- PROVIDED MATERIAL:
▬▬▬▬▬▬
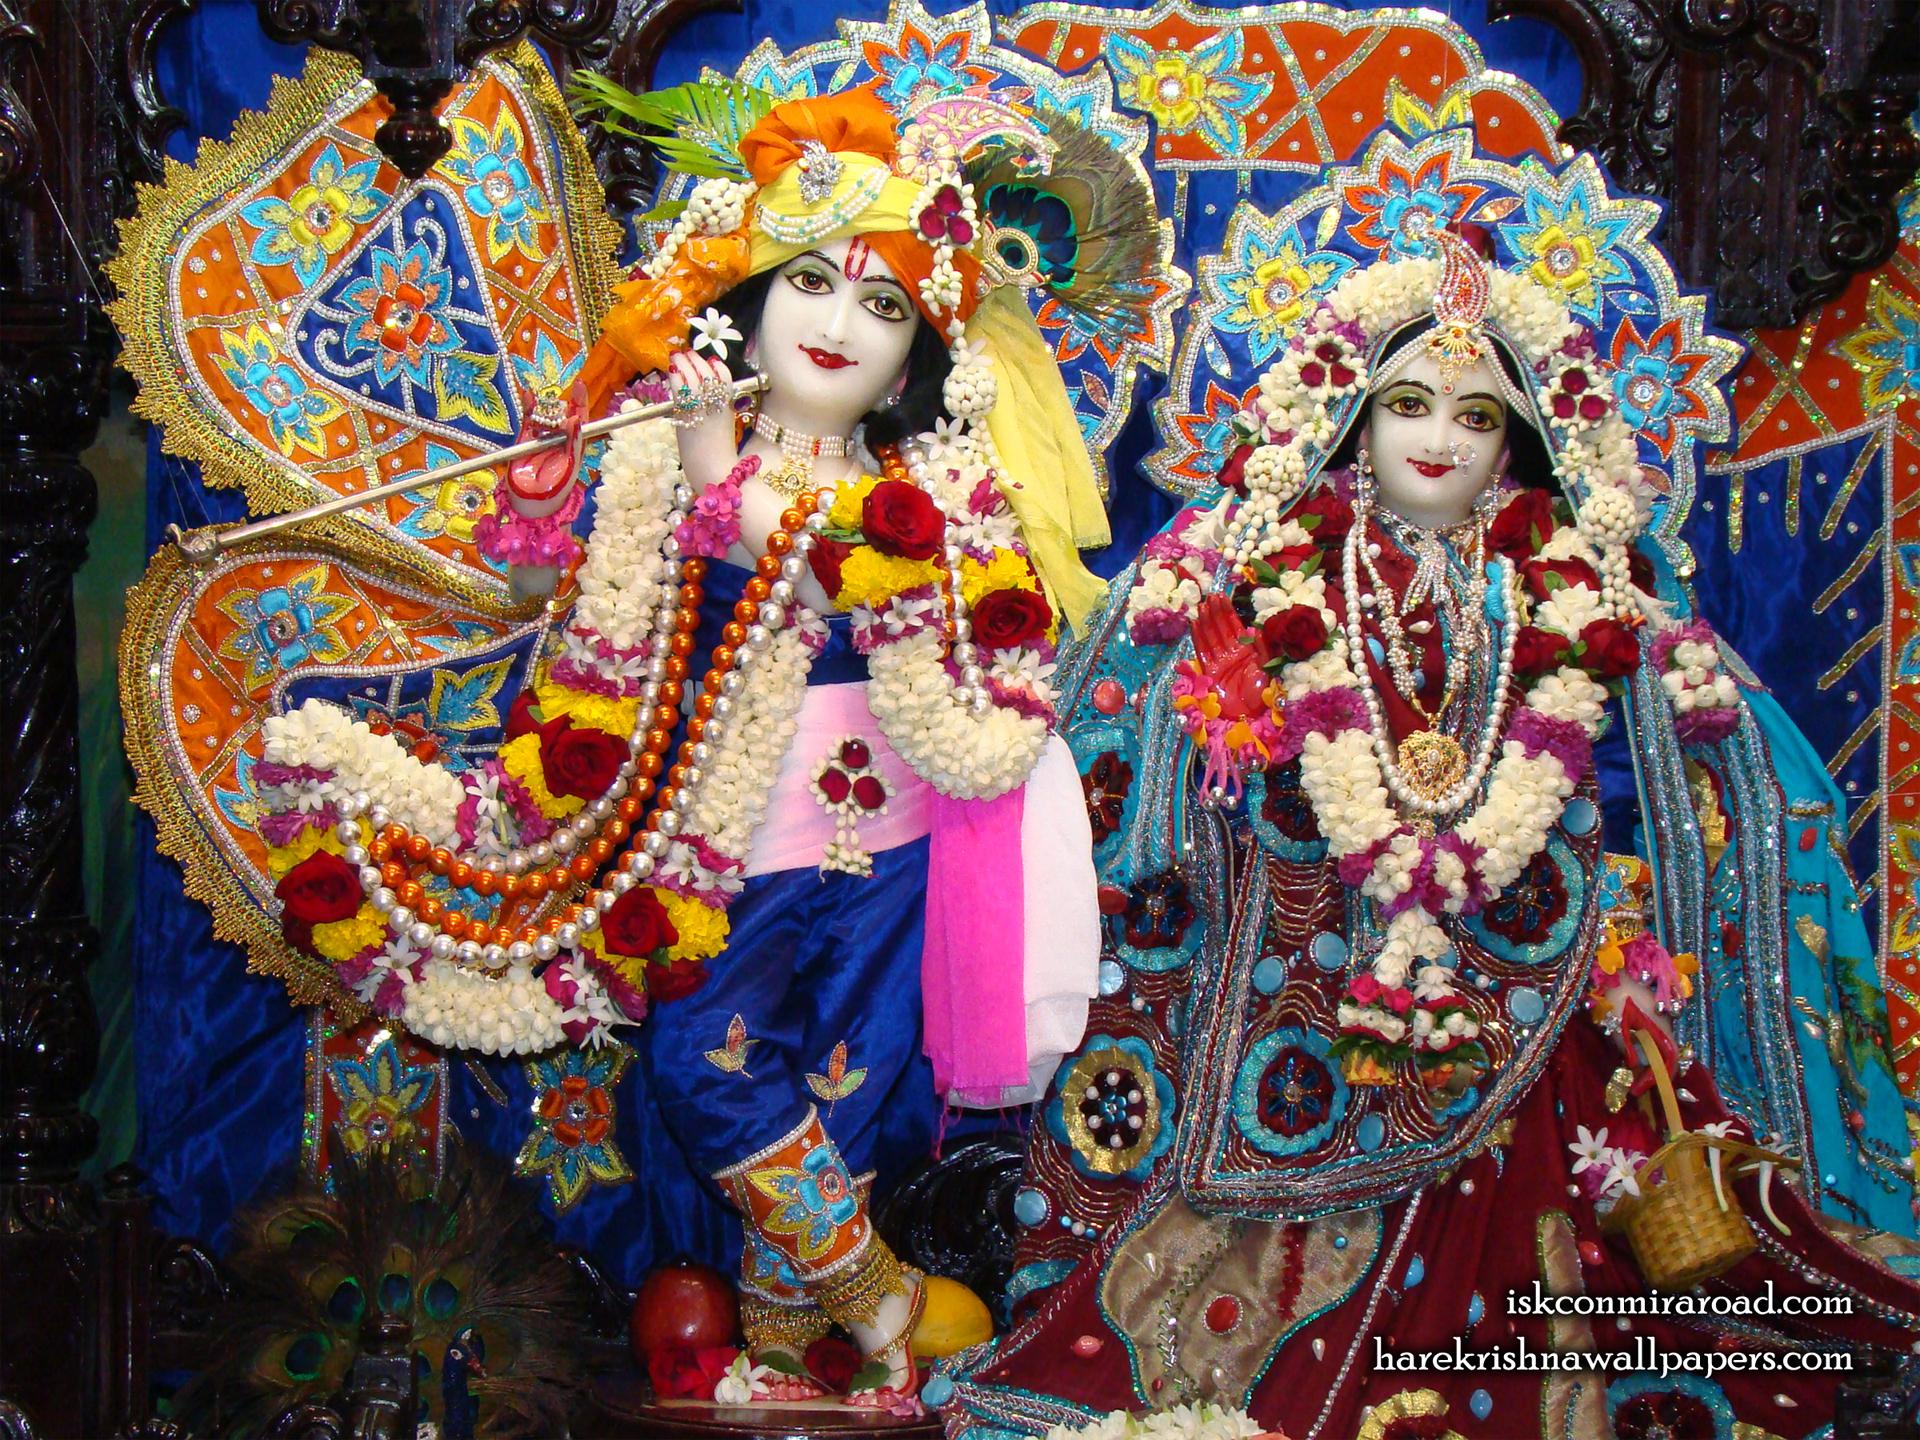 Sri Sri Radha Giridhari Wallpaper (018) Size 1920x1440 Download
▬▬▬▬▬▬
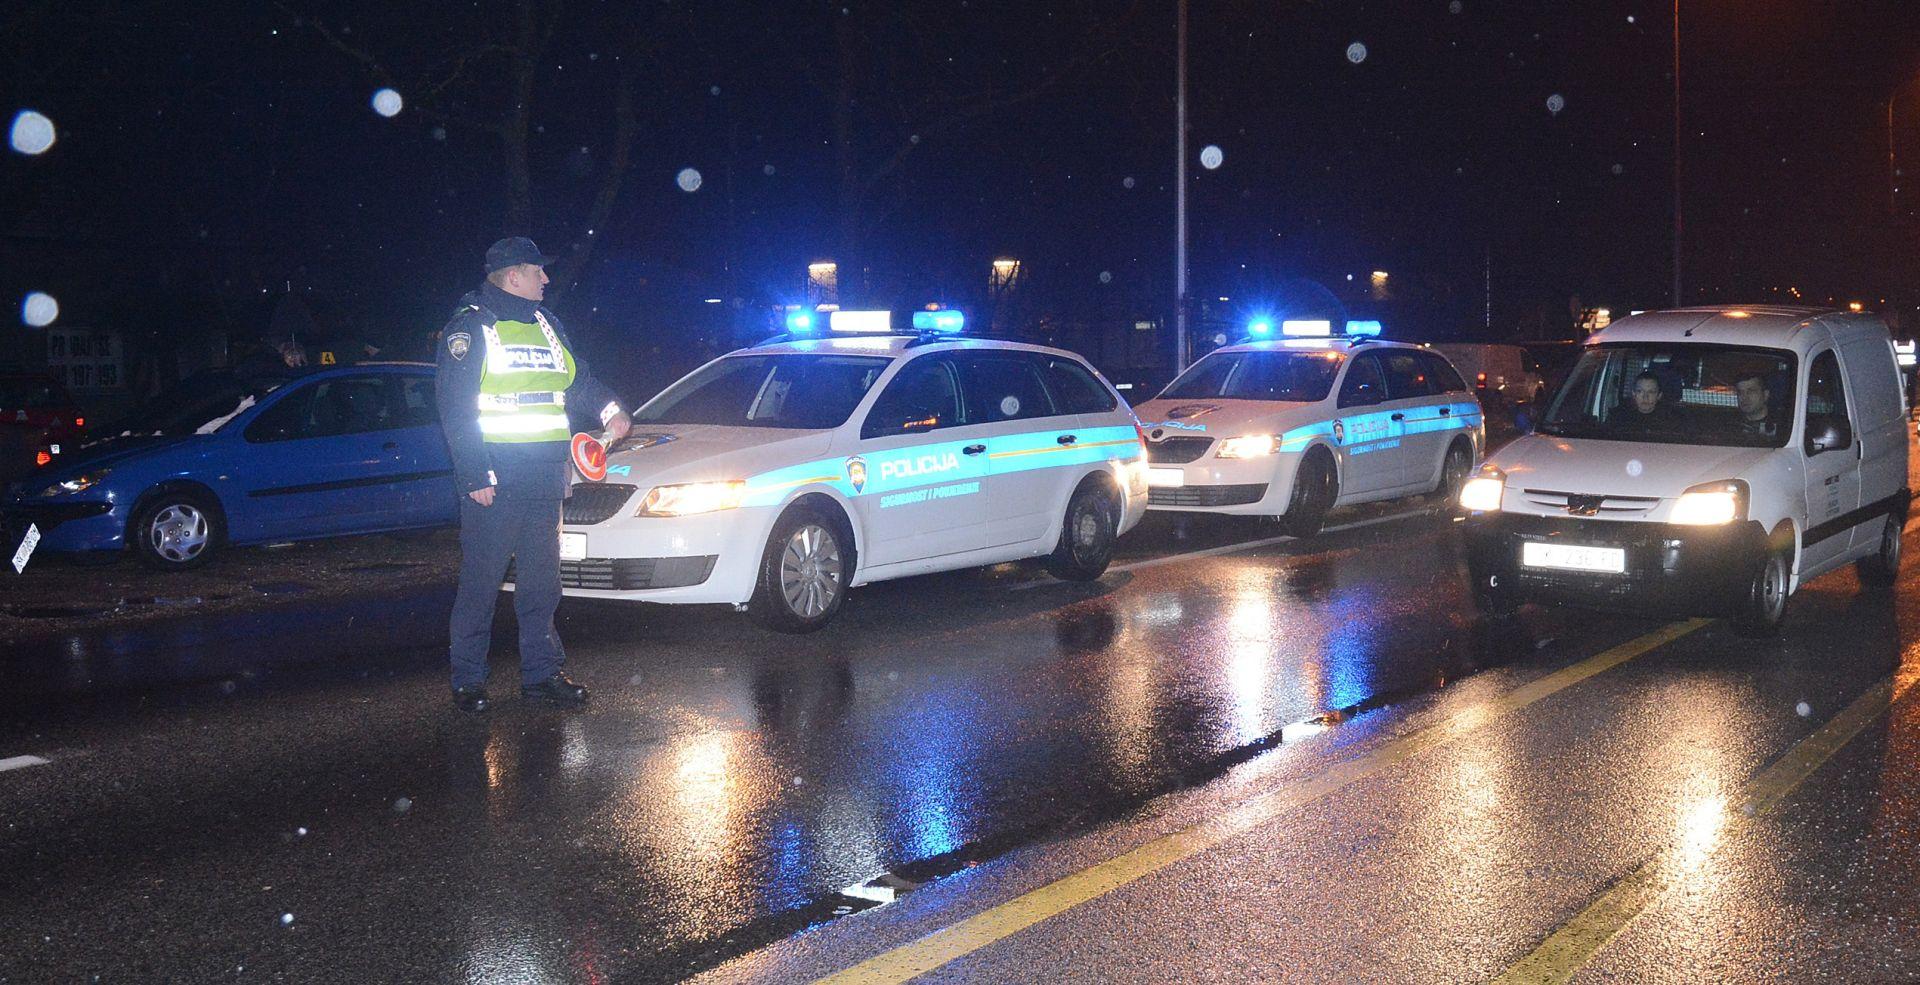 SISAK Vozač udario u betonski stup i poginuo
▬▬▬▬▬▬
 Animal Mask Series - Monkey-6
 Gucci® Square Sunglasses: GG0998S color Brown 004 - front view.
▬▬▬▬▬▬
- WORK INSTRUCTIONS: The lines above, starting at the one with "Animal Mask Series - Monkey-6" and ending at the one with "Gucci® Square Sunglasses: GG0998S", are the only ones to return, exactly as written.

- RESULT OF THE EXERCISE:
 Animal Mask Series - Monkey-6
 Gucci® Square Sunglasses: GG0998S color Brown 004 - front view.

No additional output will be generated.